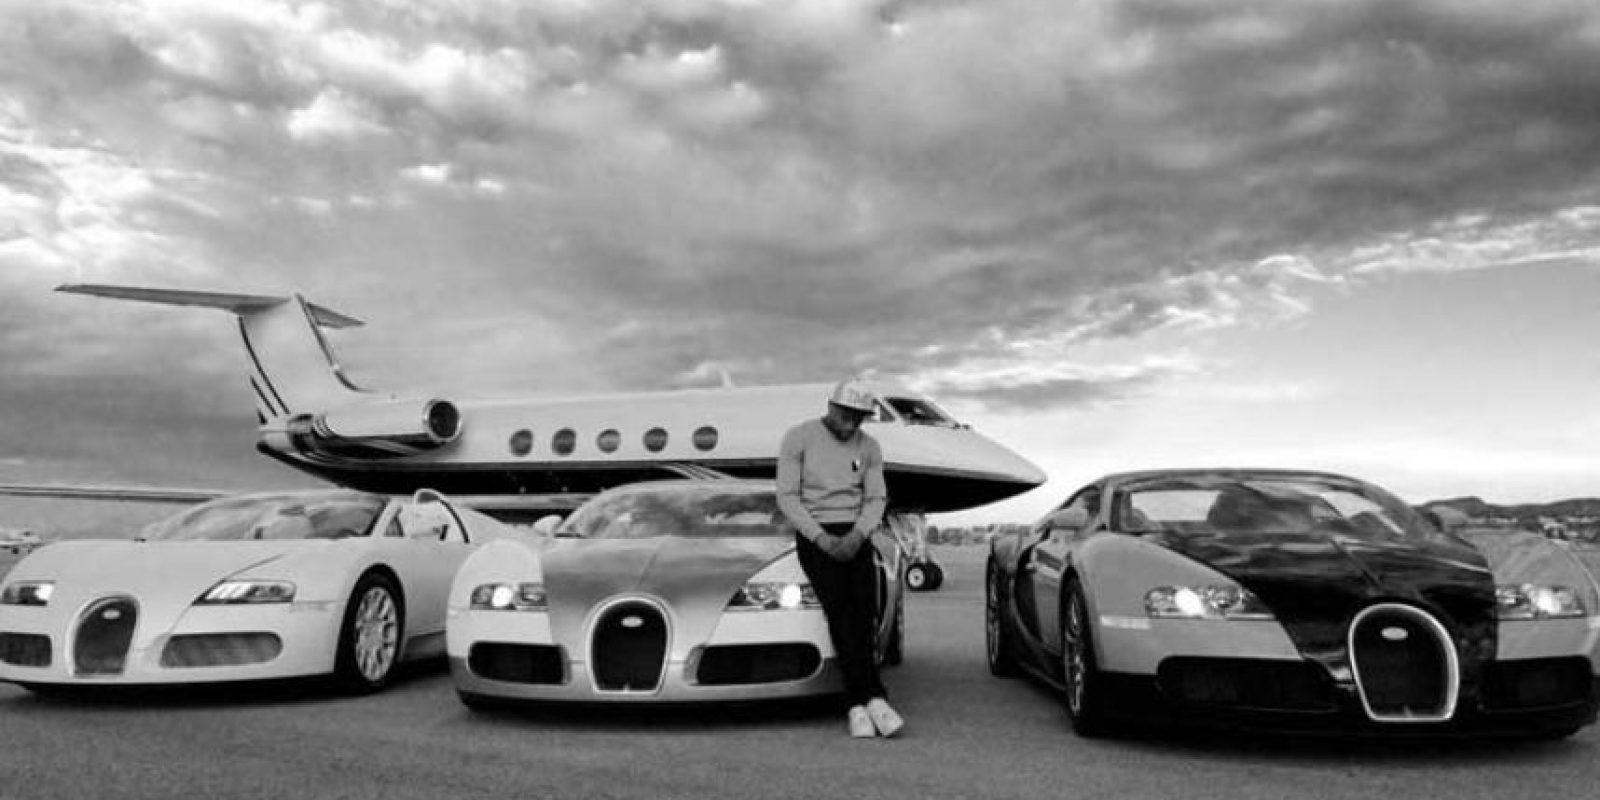 Y a bordo de su jet privado, recorre el mundo, mientras presume sus viajes en Instagram. Foto:Vía instagram.com/floydmayweather
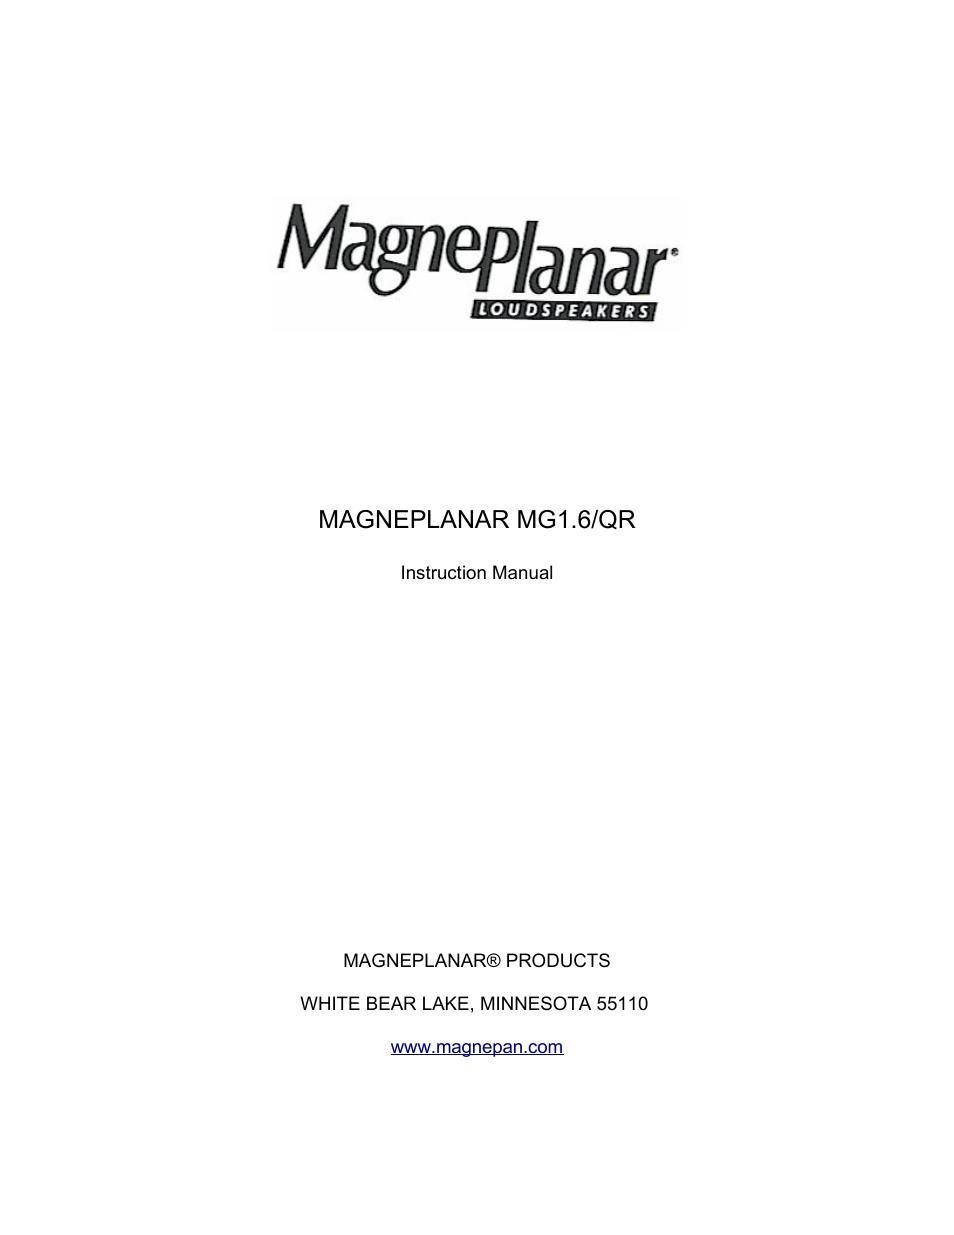 magnepan mg 1 6 user manual 9 pages rh manualsdir com Magnepan 1.7 Magnepan 1.6Qr Speakers
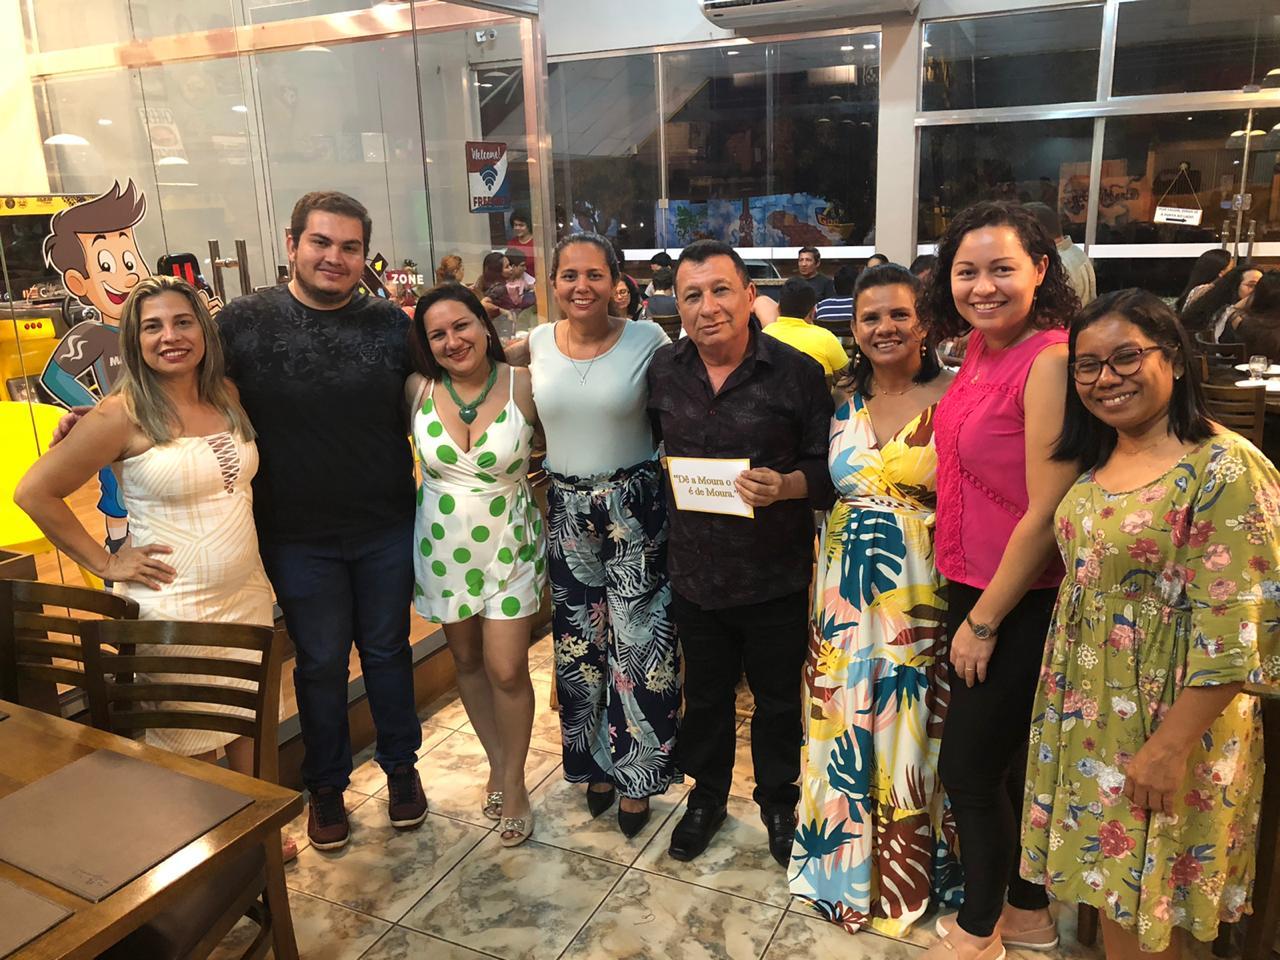 Professor com 42 anos de docência recebe homenagem de alunos em pizzaria

▬▬▬▬▬▬▬▬▬▬

What the task asks
Repeat word for word only the lines from the line holding "magnepan mg 1" to the final line of the material, both included. Don't carry over any picture.

Finished exercise
 magnepan mg 1 6 user manual 9 pages rh manualsdir com Magnepan 1.7 Magnepan 1.6Qr Speakers
 Professor com 42 anos de docência recebe homenagem de alunos em pizzaria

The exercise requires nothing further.